Об этих подвигах долго потом рассказывалось как об остроумной, из ряда вон выходящей по замысловатости шутке, и тихий хриплый хохот часто нарушал тишину дальней заколоченной комнаты, в которой старый призрачный чудак докладывал товарищам о своих выдумках, изрядно при этом привирая.
Я хочу рассказать печальную историю одного из этих обломков старины, пережившего самого себя.
Однажды в старый дом, стоявший несколько десятков лет заколоченным, приехало семейство наследников владельца заколоченного дома.
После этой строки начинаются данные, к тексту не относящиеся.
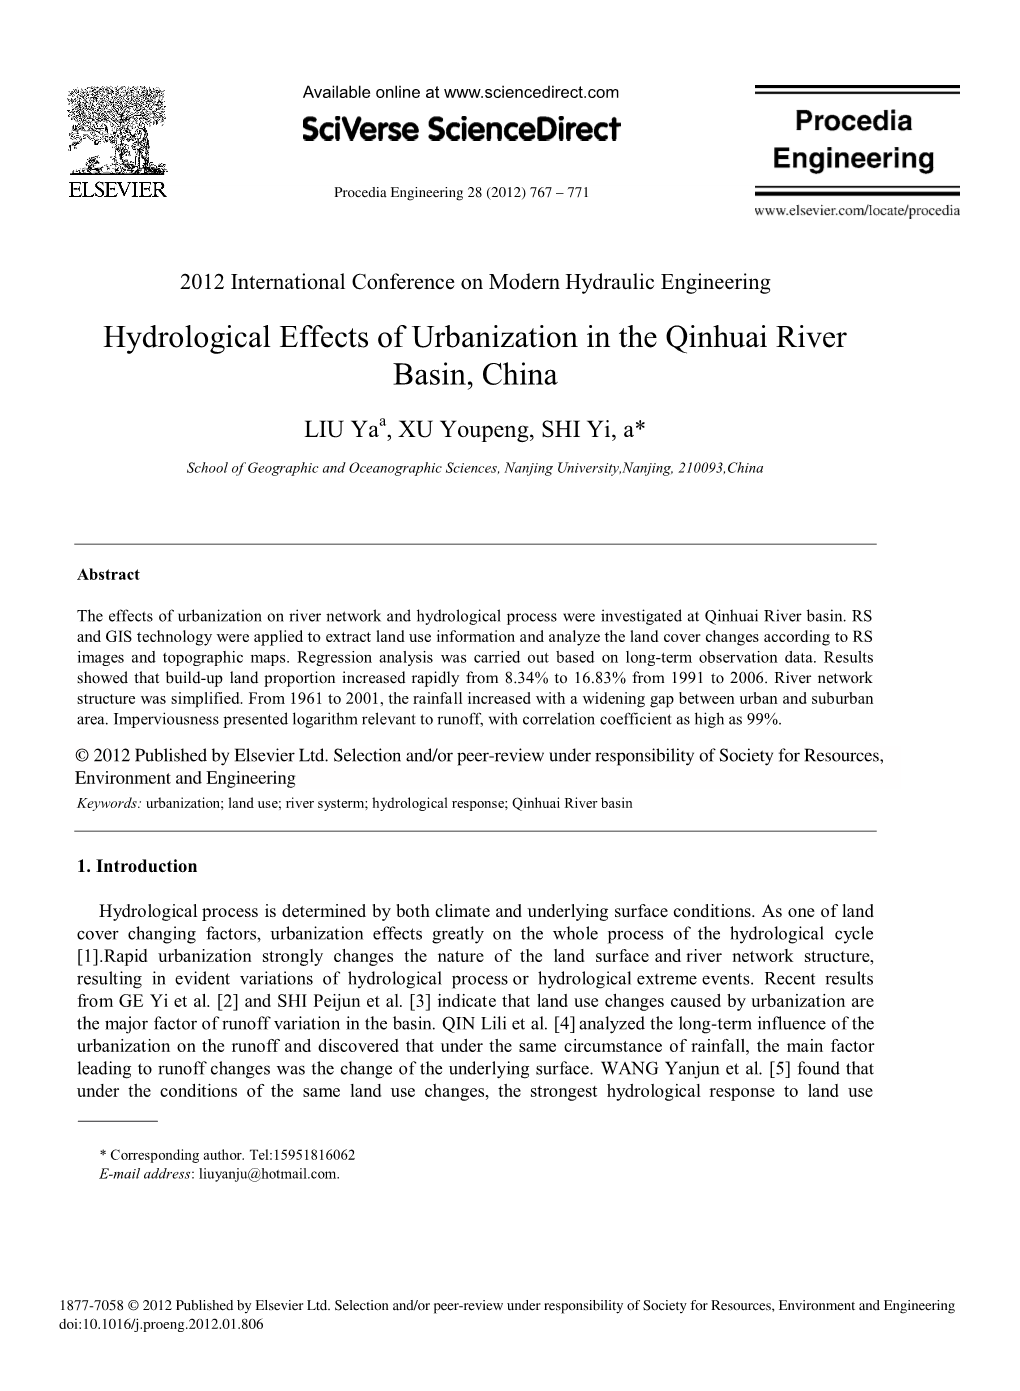 Hydrological Effects of Urbanization in the Qinhuai River Basin, China
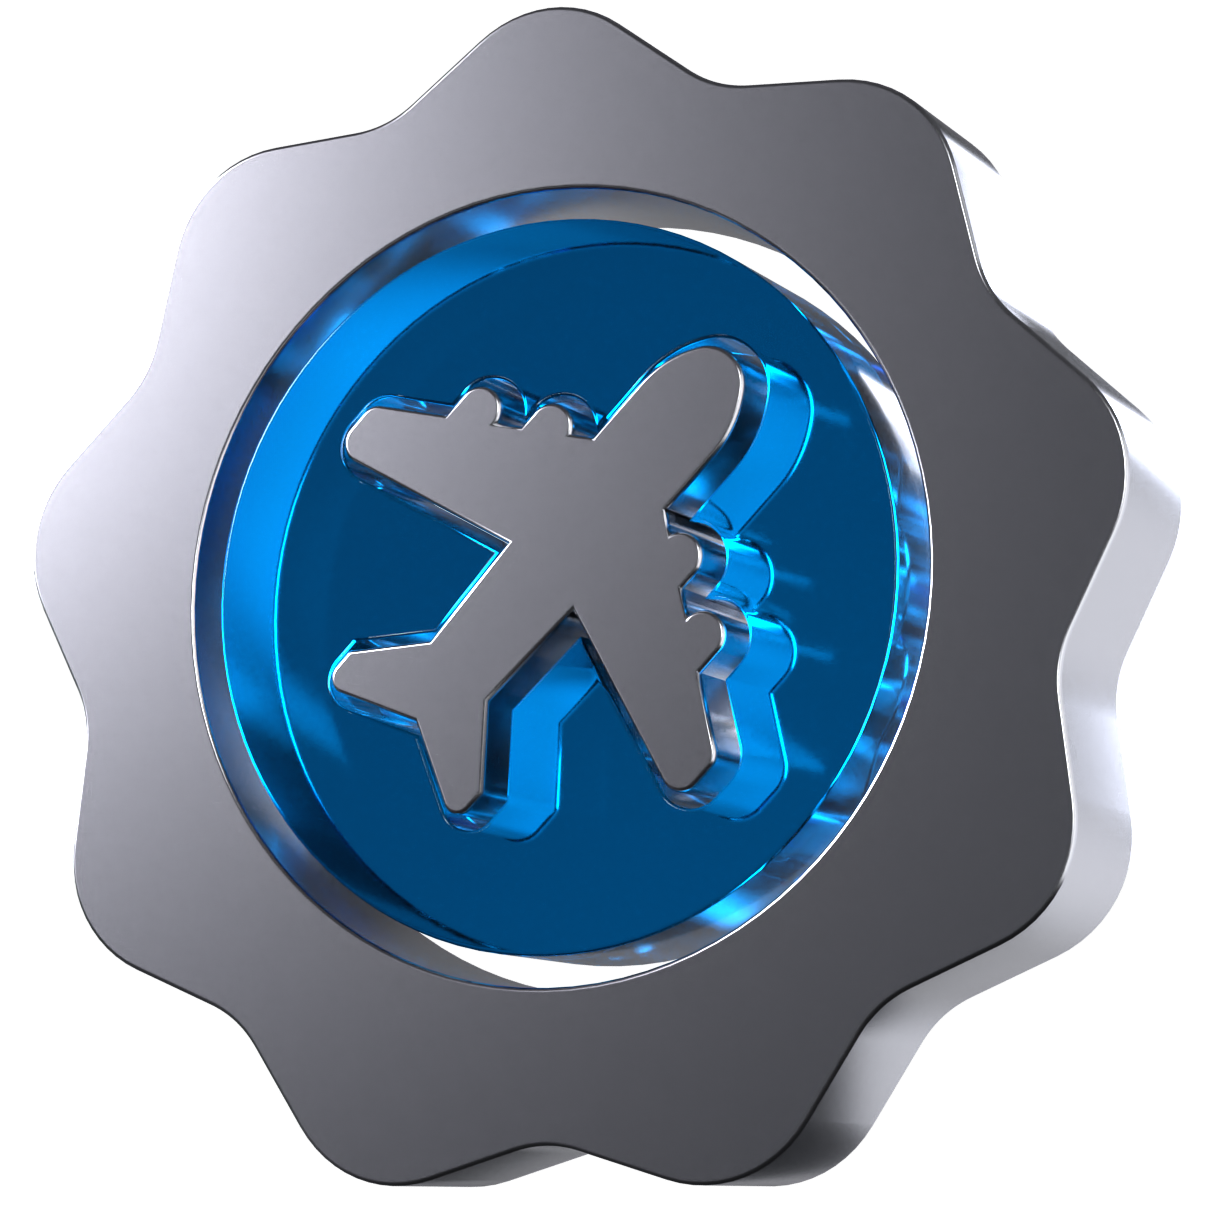 A 3D icon of a plane in a badge

Старый призрак, обитатель этого дома, совершенно опустившийся за время своего безделья и занимавшийся последнее время ловлей пауков и подмигиваньем из окна пробегавшим мимо дома трусливым мальчикам, теперь приободрился. Он обчистился от пыли и паутины, прорепетировал в старый осколок зеркала — может ли он еще сделать страшное лицо — и сказал сам себе:
— Надо не ударить лицом в грязь и придумать что-нибудь ужасное, от чего все бы содрогнулись… Явиться неожиданно, когда хозяин дома будет ложиться спать, — и взмахнуть руками… потом заскрипеть зубами, опрокинуть стул и убежать. Или нет… Лучше появляюсь неожиданно в гостиной, где они будут сидеть, засмеюсь, скажу: «А вы тут что делаете?» — и убегу!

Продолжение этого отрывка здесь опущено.